DATA EXCERPT:
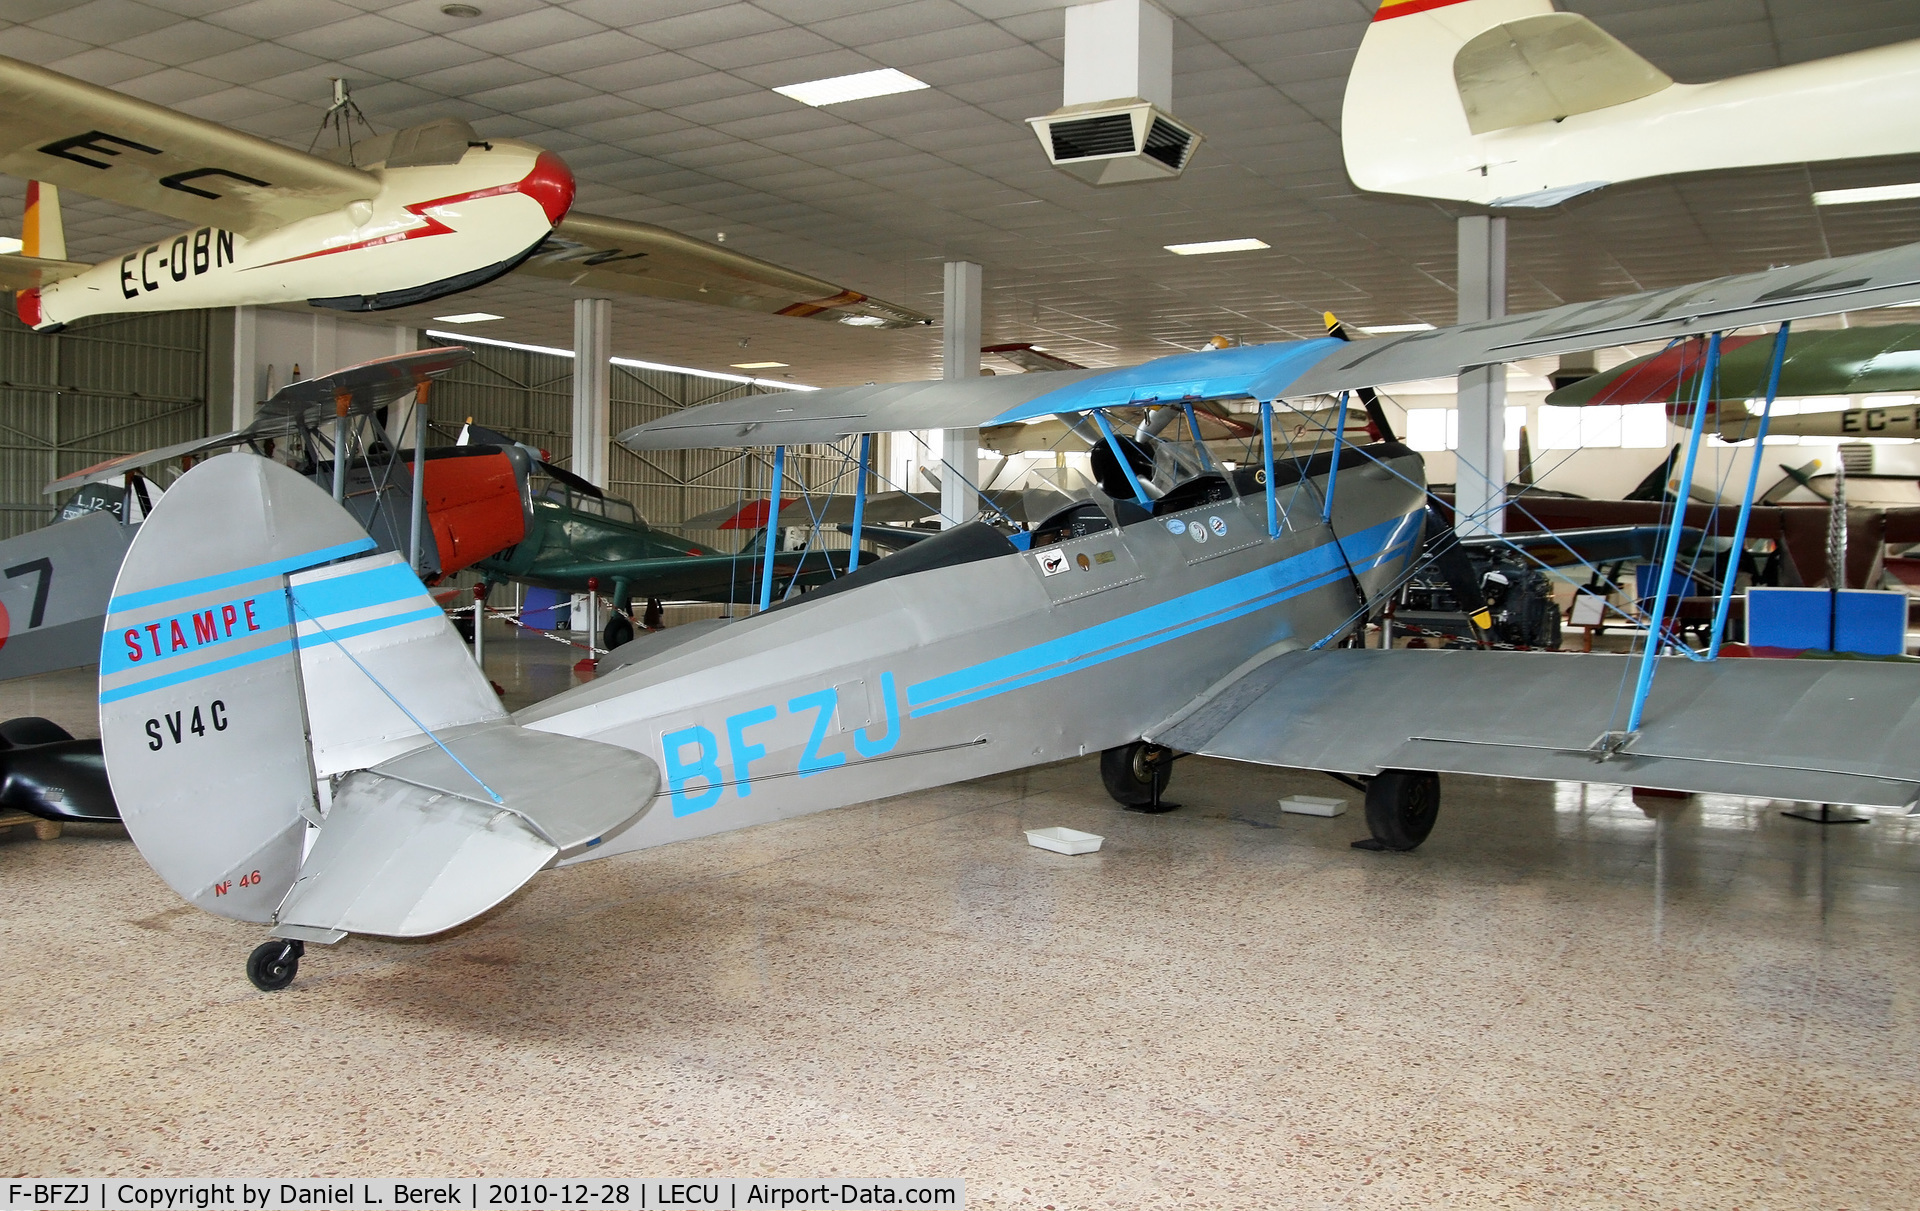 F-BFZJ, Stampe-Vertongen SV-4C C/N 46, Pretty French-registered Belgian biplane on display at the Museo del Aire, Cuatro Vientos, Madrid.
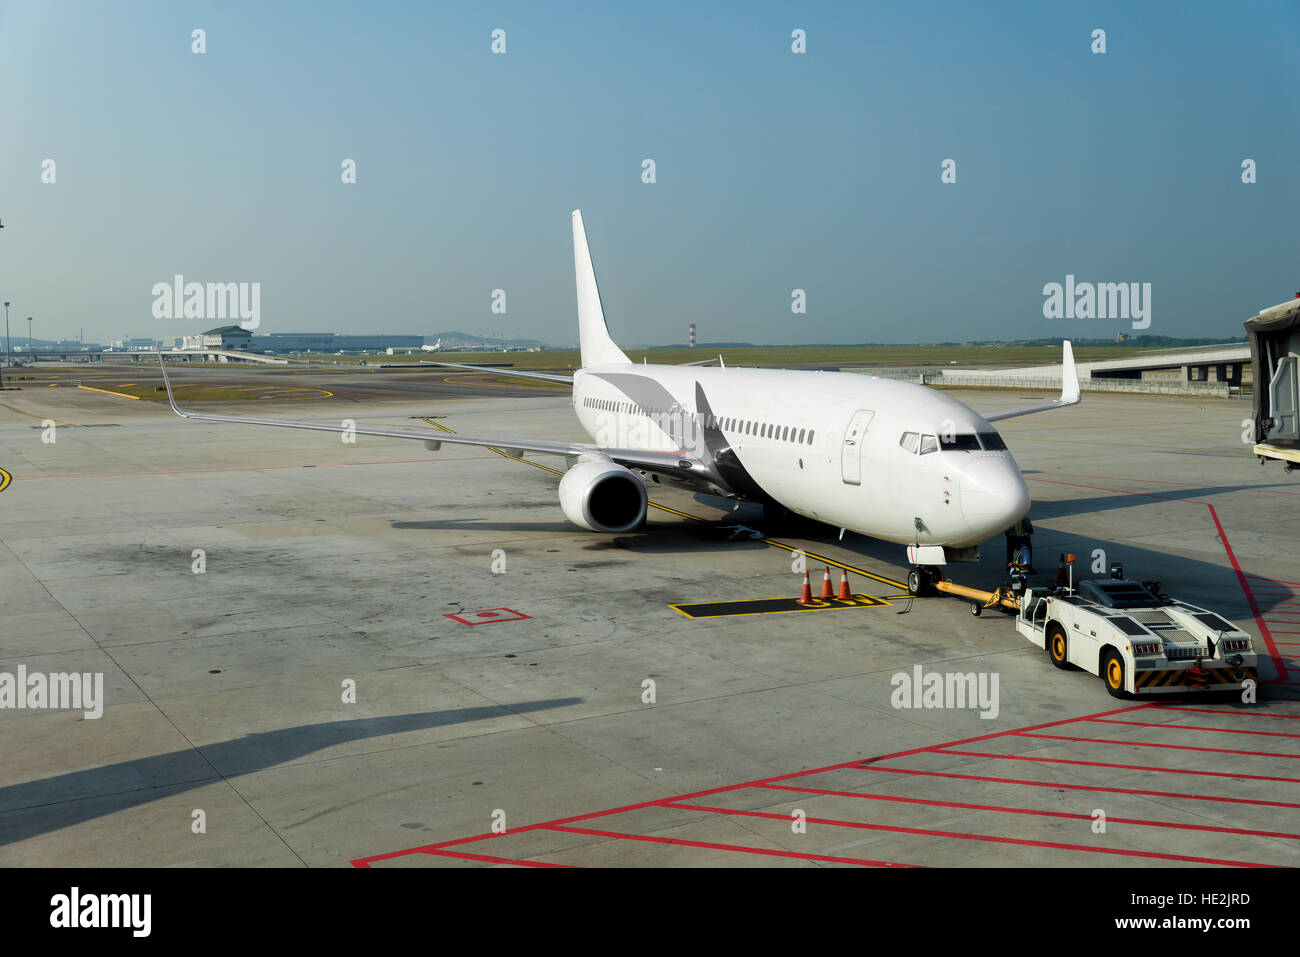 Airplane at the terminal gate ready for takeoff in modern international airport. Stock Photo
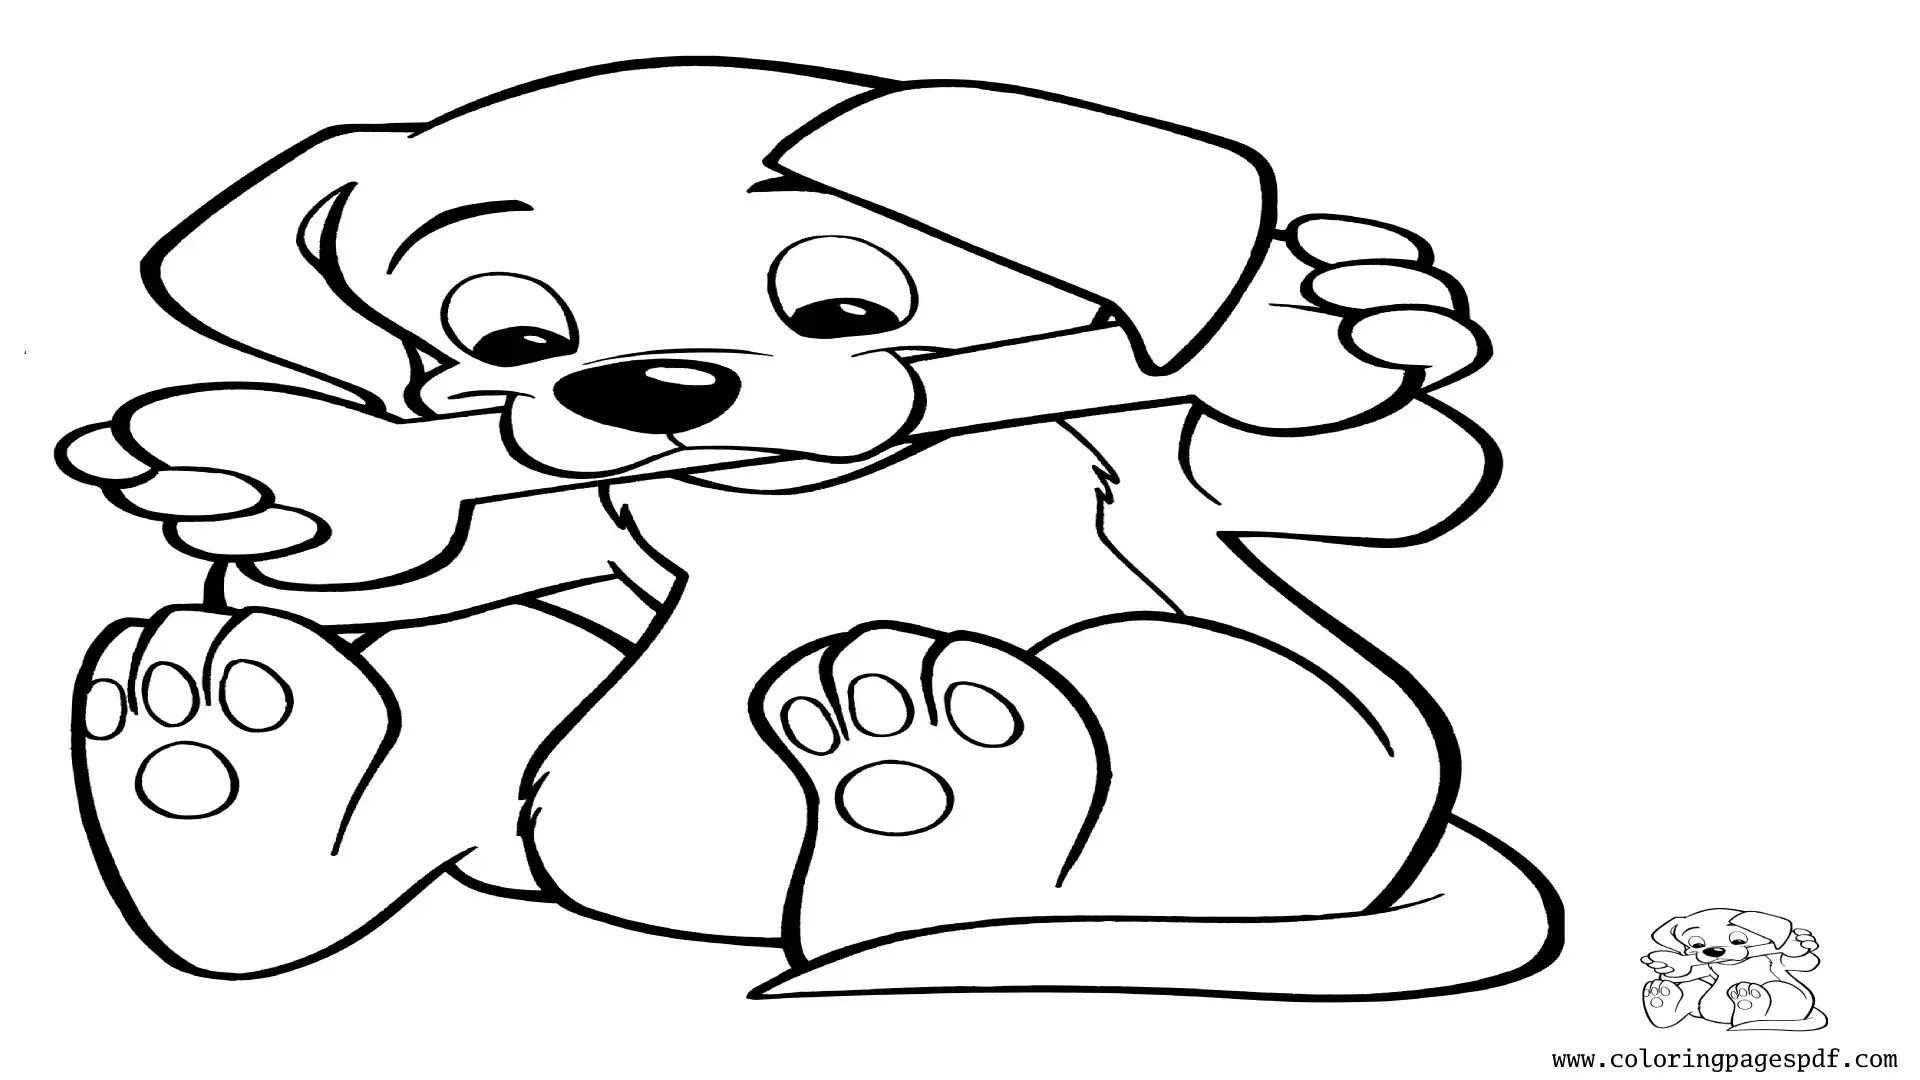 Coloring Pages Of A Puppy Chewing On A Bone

TASK GOAL: Leave the images out and give the rest of the data again exactly.

YOUR SOLUTION:
 F-BFZJ, Stampe-Vertongen SV-4C C/N 46, Pretty French-registered Belgian biplane on display at the Museo del Aire, Cuatro Vientos, Madrid.
 Airplane at the terminal gate ready for takeoff in modern international airport. Stock Photo
 Coloring Pages Of A Puppy Chewing On A Bone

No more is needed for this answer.